━━━━━ Source records
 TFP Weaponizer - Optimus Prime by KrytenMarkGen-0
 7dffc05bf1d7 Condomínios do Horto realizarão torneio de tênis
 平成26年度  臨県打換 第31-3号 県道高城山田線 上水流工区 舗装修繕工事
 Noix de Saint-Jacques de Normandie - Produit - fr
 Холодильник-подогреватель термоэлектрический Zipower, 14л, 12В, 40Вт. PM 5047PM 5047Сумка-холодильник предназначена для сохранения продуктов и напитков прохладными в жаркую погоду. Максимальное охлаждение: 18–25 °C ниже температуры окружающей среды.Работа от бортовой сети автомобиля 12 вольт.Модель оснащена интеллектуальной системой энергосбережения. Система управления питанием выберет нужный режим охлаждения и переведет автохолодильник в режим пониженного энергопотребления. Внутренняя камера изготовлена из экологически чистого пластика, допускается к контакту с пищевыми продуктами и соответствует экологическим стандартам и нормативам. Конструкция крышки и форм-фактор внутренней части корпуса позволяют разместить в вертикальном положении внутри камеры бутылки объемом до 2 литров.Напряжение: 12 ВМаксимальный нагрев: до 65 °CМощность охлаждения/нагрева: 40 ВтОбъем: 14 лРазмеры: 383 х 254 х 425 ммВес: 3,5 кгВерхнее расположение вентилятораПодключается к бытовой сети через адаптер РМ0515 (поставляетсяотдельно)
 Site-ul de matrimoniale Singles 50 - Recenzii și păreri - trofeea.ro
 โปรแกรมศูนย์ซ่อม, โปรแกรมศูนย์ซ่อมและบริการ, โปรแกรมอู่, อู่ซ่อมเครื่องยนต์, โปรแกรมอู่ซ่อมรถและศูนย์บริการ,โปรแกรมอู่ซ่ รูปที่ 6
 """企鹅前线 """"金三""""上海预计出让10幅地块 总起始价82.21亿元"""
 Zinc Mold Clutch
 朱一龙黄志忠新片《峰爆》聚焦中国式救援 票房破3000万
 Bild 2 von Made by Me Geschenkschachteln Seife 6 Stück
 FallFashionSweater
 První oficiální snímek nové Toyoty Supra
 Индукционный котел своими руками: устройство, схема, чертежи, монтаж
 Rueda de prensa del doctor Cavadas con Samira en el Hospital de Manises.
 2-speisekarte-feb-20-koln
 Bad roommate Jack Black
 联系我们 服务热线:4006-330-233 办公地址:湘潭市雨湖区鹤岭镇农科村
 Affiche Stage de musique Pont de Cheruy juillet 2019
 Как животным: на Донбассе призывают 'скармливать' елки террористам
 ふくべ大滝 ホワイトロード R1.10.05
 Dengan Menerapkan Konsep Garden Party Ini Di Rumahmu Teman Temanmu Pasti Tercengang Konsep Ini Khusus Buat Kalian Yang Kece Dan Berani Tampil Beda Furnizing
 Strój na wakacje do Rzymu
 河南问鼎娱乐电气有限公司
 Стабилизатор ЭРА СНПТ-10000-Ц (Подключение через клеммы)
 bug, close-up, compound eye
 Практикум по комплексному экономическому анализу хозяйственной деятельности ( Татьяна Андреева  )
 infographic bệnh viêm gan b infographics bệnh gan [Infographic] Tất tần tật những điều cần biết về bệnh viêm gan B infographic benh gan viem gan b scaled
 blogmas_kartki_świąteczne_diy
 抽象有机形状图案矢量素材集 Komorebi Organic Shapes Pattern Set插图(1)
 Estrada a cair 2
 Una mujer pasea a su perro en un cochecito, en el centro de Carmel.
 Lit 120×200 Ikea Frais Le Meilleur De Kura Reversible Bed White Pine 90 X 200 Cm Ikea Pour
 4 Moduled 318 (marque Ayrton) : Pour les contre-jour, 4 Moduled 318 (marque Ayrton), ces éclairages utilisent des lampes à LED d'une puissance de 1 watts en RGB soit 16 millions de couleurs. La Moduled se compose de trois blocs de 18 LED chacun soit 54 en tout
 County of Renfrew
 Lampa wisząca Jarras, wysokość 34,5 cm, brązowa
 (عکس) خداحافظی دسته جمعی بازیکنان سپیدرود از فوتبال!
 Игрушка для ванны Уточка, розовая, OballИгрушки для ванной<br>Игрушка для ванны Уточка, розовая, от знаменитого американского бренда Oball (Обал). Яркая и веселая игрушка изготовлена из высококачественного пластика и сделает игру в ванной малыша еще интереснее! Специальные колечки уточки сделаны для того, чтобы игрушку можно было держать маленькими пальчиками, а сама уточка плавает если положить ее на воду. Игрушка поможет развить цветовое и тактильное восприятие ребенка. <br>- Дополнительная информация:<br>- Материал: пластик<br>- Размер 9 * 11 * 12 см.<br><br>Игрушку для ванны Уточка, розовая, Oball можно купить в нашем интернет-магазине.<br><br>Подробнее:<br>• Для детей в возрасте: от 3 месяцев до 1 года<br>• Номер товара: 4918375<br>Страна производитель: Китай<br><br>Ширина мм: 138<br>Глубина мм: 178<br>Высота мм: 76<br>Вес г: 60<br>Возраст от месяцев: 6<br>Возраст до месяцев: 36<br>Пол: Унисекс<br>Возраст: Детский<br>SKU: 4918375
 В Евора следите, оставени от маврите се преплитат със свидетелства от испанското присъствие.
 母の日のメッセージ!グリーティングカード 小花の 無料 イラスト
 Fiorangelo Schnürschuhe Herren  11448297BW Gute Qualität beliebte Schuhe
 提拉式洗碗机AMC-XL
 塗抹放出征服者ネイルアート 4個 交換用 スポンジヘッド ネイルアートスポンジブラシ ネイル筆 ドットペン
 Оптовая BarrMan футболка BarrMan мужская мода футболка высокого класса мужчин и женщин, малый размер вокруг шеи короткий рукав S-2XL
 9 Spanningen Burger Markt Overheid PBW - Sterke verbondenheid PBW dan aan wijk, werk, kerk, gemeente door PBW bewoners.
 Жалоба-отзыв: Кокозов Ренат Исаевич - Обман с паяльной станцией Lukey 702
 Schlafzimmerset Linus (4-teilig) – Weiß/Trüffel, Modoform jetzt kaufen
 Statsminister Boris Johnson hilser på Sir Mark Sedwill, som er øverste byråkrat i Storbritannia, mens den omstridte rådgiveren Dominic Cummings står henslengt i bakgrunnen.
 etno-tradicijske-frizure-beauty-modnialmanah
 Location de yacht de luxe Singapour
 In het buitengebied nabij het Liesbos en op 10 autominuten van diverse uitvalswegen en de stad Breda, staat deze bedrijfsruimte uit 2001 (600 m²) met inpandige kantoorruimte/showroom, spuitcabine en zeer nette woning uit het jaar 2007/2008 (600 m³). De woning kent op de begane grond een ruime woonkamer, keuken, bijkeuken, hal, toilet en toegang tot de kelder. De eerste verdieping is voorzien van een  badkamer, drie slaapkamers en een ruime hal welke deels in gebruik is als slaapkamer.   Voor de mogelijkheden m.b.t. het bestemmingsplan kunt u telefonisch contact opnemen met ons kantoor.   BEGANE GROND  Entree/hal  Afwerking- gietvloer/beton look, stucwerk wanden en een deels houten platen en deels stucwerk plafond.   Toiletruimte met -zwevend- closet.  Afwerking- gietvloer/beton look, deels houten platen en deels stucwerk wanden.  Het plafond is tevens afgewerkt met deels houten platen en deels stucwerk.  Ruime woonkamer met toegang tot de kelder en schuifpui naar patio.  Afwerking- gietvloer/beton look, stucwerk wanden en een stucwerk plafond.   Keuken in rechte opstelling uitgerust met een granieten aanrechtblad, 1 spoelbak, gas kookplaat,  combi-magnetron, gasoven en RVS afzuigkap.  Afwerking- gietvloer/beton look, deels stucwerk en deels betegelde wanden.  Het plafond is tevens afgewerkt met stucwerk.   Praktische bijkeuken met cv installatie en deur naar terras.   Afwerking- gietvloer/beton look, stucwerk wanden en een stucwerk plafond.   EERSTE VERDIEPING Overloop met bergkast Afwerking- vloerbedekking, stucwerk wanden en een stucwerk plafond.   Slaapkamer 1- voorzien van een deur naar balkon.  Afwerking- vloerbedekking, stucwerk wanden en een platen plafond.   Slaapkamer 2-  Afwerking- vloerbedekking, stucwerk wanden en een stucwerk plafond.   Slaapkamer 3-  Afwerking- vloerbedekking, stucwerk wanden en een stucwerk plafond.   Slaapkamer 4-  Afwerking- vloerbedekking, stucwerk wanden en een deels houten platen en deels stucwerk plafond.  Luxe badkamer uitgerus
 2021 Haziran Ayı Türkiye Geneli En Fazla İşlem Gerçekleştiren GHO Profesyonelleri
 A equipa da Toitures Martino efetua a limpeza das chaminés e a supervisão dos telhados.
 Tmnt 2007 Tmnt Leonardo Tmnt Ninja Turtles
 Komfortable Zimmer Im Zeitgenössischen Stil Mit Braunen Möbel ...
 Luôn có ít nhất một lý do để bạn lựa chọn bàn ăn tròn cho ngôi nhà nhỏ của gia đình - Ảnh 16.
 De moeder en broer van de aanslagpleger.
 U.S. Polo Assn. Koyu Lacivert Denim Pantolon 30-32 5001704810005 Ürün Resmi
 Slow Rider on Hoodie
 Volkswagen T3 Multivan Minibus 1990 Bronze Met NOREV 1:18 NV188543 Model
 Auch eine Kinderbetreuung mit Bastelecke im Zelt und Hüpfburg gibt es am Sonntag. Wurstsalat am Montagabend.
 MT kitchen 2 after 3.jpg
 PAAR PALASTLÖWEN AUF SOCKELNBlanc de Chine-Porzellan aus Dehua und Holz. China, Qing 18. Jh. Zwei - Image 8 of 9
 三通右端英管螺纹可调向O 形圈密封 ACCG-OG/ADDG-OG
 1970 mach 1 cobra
━━━━━━━━━━
**Task requirements**
In the records above, find the line with "联系我们 服务热线:4006-330-233 办公地址:湘潭市雨湖区鹤岭镇农科村"; write out exactly that line and each one after it, stopping after the line with "河南问鼎娱乐电气有限公司".

**Problem solution**
 联系我们 服务热线:4006-330-233 办公地址:湘潭市雨湖区鹤岭镇农科村
 Affiche Stage de musique Pont de Cheruy juillet 2019
 Как животным: на Донбассе призывают 'скармливать' елки террористам
 ふくべ大滝 ホワイトロード R1.10.05
 Dengan Menerapkan Konsep Garden Party Ini Di Rumahmu Teman Temanmu Pasti Tercengang Konsep Ini Khusus Buat Kalian Yang Kece Dan Berani Tampil Beda Furnizing
 Strój na wakacje do Rzymu
 河南问鼎娱乐电气有限公司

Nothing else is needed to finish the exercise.